Unnamed: 0,experience,subscribe,hashedEmail,played_hours,name,gender,age,individualId,organizationName
0,Pro,True,f6daba428a5e19a3d47574858c13550499be23603422e6...,30.3,Morgan,Male,9,,
1,Veteran,True,f3c813577c458ba0dfef80996f8f32c93b6e8af1fa9397...,3.8,Christian,Male,17,,
2,Veteran,False,b674dd7ee0d24096d1c019615ce4d12b20fcbff12d79d3...,0.0,Blake,Male,17,,
3,Amateur,True,23fe711e0e3b77f1da7aa221ab1192afe21648d47d2b4f...,0.7,Flora,Female,21,,
4,Regular,True,7dc01f10bf20671ecfccdac23812b1b415acd42c2147cb...,0.1,Kylie,Male,21,,
...,...,...,...,...,...,...,...,...,...
191,Amateur,True,b6e9e593b9ec51c5e335457341c324c34a2239531e1890...,0.0,Bailey,Female,17,,
192,Veteran,False,71453e425f07d10da4fa2b349c83e73ccdf0fb3312f778...,0.3,Pascal,Male,22,,
193,Amateur,False,d572f391d452b76ea2d7e5e53a3d38bfd7499c7399db29...,0.0,Dylan,Prefer not to say,17,,
194,Amateur,False,f19e136ddde68f365afc860c725ccff54307dedd13968e...,2.3,Harlow,Male,17,,


In [2]:
players[['played_hours', 'age']].agg(['max', 'min', 'mean']) 

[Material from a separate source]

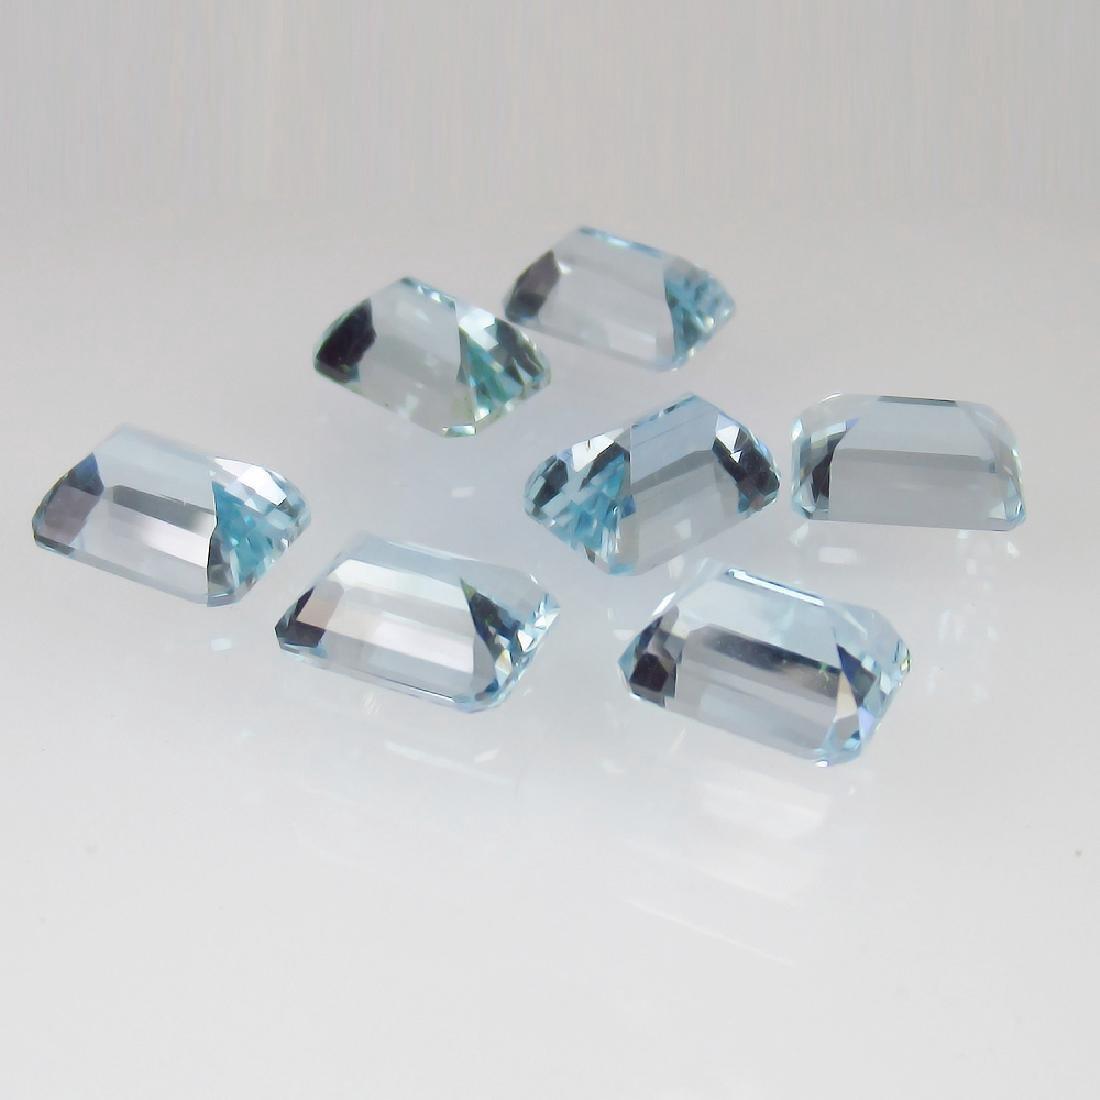 10.85 Carat Loose Aquamarine Necklace Set - 2

Unnamed: 0,played_hours,age
max,223.1,99.0
min,0.0,8.0
mean,5.845918,21.280612


In [3]:
players['subscribe'].value_counts() 

subscribe
True     144
False     52
Name: count, dtype: int64

### Data Description
players.csv: contains player demographic and behavioural information. 
Only players.csv is used for analysis. According to our question, we only care about the subscription status, age and played_hours so we will keep those columns. We also keep column”name” since that will increase the readability of the data frame.
### "players.csv" dataset (196 rows,9 columns) includes:
+ 'experience'(categorical): player experience level
+ 'subscribe'(boolean)
+ 'played_hours'(numeric): from 0 to 223.1
+ 'gender'(categorical)
+ 'age'(numeric): from 8 to 99
+ 'hashedEmail' is not human readable, 'individualId' and 'organizationName' are missing values

In [4]:
players_clean = players[["played_hours", "subscribe", "name","age"]]
players_clean

Unnamed: 0,played_hours,subscribe,name,age
0,30.3,True,Morgan,9
1,3.8,True,Christian,17
2,0.0,False,Blake,17
3,0.7,True,Flora,21
4,0.1,True,Kylie,21
...,...,...,...,...
191,0.0,True,Bailey,17
192,0.3,False,Pascal,22
193,0.0,False,Dylan,17
194,2.3,False,Harlow,17


### Exploratory Data Analysis and Visualization

#### (Note: I completed the required minimal wrangling earlier, before writing the question, to keep the cleaned dataset consistent throughout the notebook.)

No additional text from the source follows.